**PROBLEM DESCRIPTION:**
Leave out the pictures and retype all the entries below exactly.

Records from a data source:

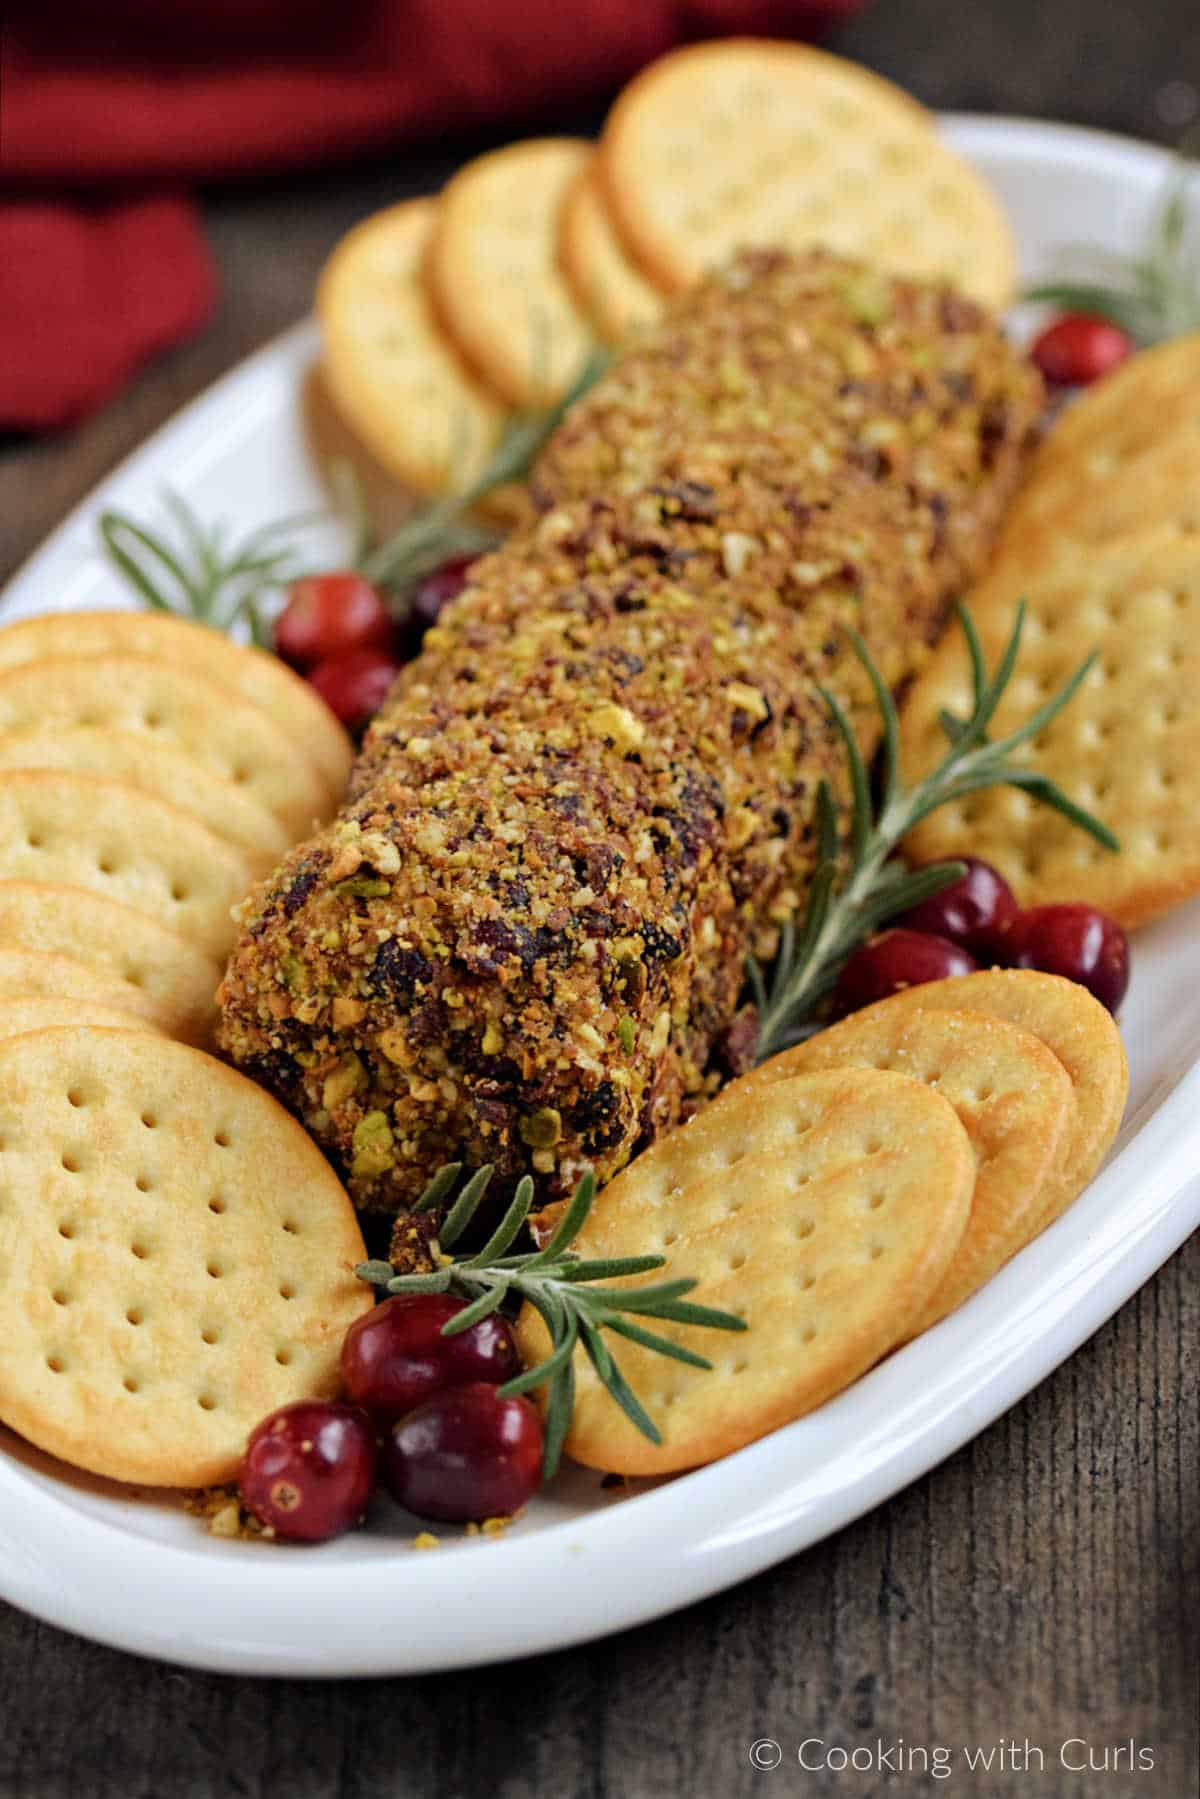 Cranberry pecan goat cheese log on a plate with assorted crackers.
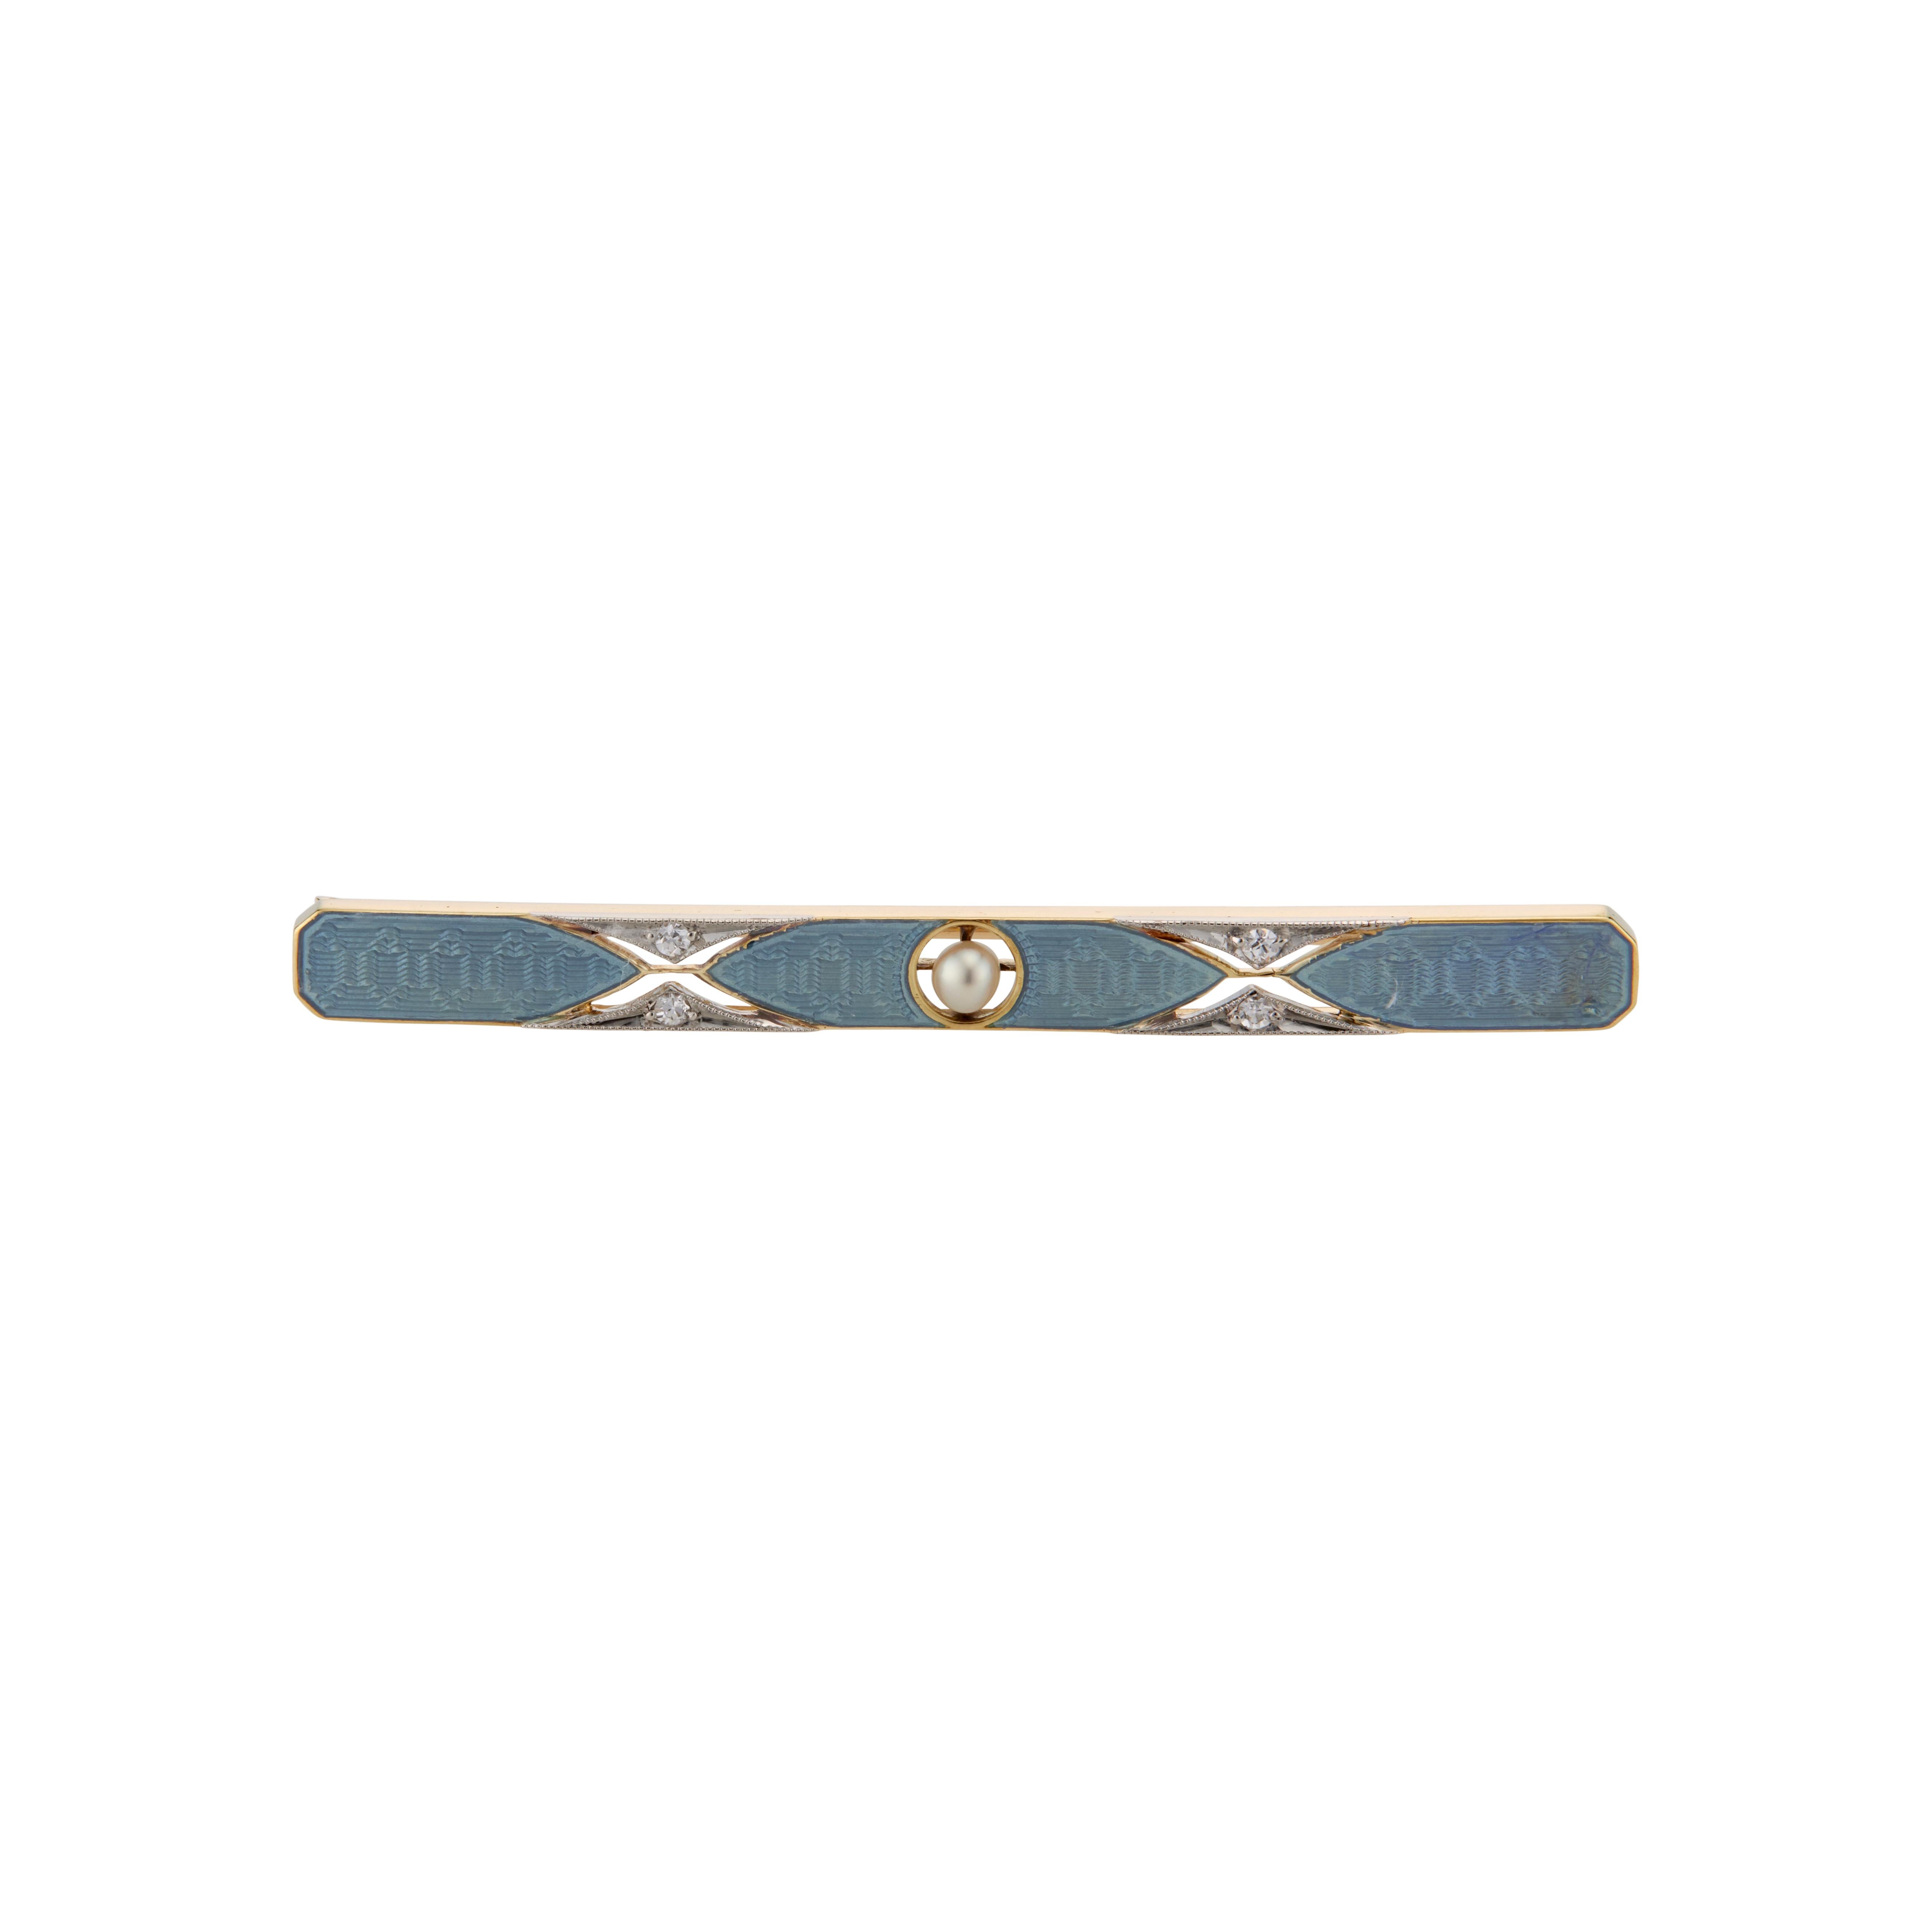 Early 1900's soft blue enamel bar brooch with natural pearl center and 4 single cut diamonds in Platinum and 14k yellow gold.  

1 natural pearl 3.3mm
4 single cut diamonds
14k yellow gold and Platinum
Stamped: 14k
Tested: 14k & Platinum
Hallmark:
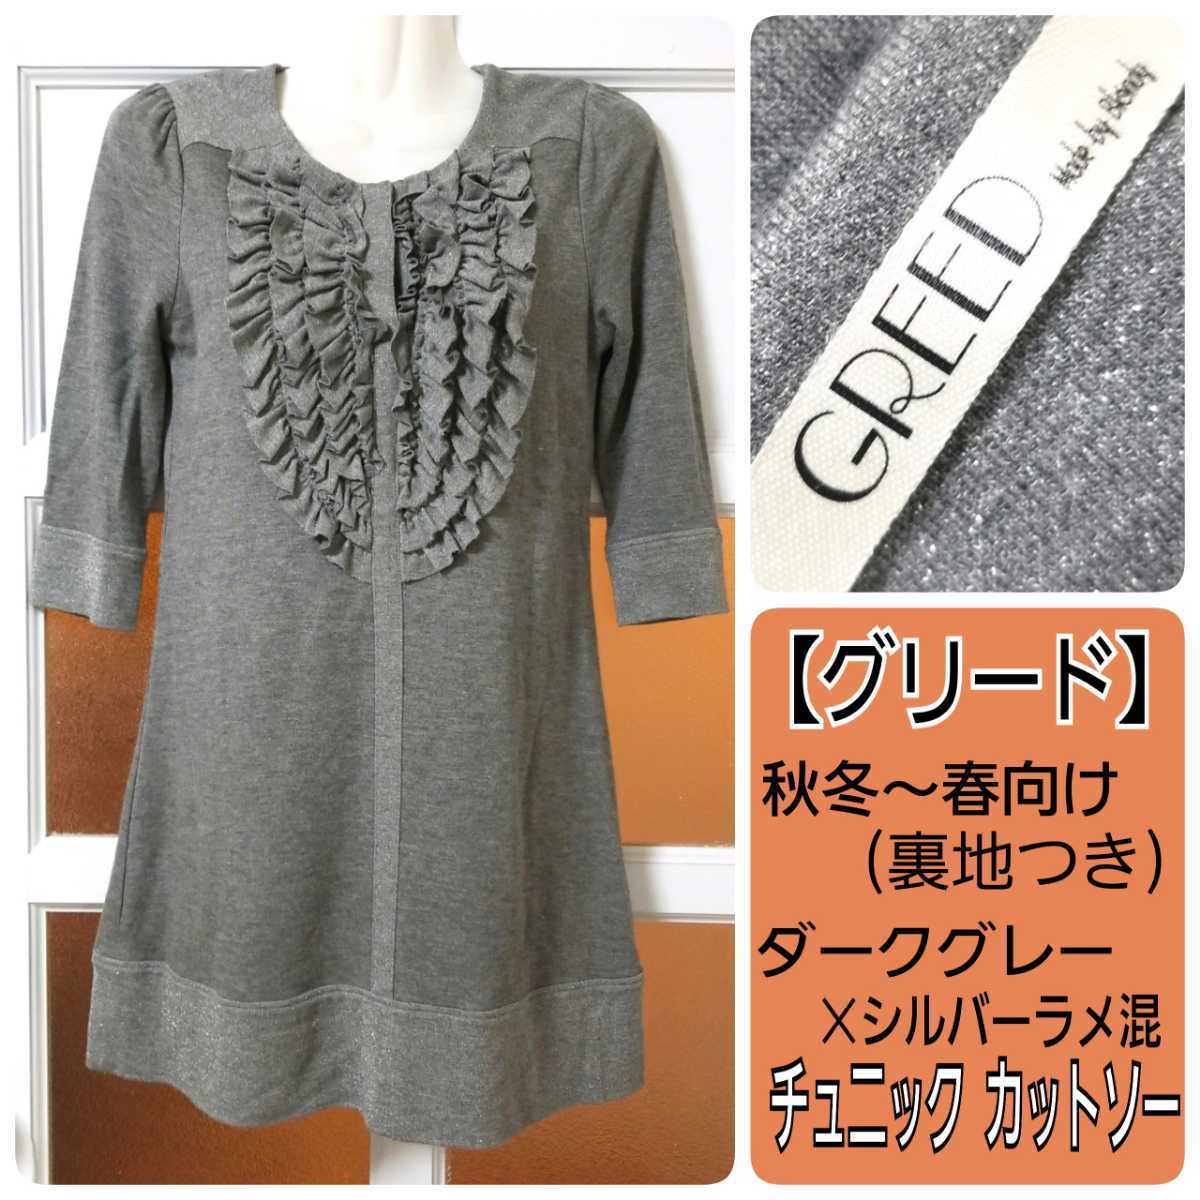  Greed autumn winter ~ spring lining attaching dark gray × lame 7 minute sleeve volume frill One-piece tunic 7 number S size

**SOLUTION TO THIS EXERCISE:**
 Cranberry pecan goat cheese log on a plate with assorted crackers.
 Early 1900's soft blue enamel bar brooch with natural pearl center and 4 single cut diamonds in Platinum and 14k yellow gold.  

1 natural pearl 3.3mm
4 single cut diamonds
14k yellow gold and Platinum
Stamped: 14k
Tested: 14k & Platinum
Hallmark:
  Greed autumn winter ~ spring lining attaching dark gray × lame 7 minute sleeve volume frill One-piece tunic 7 number S size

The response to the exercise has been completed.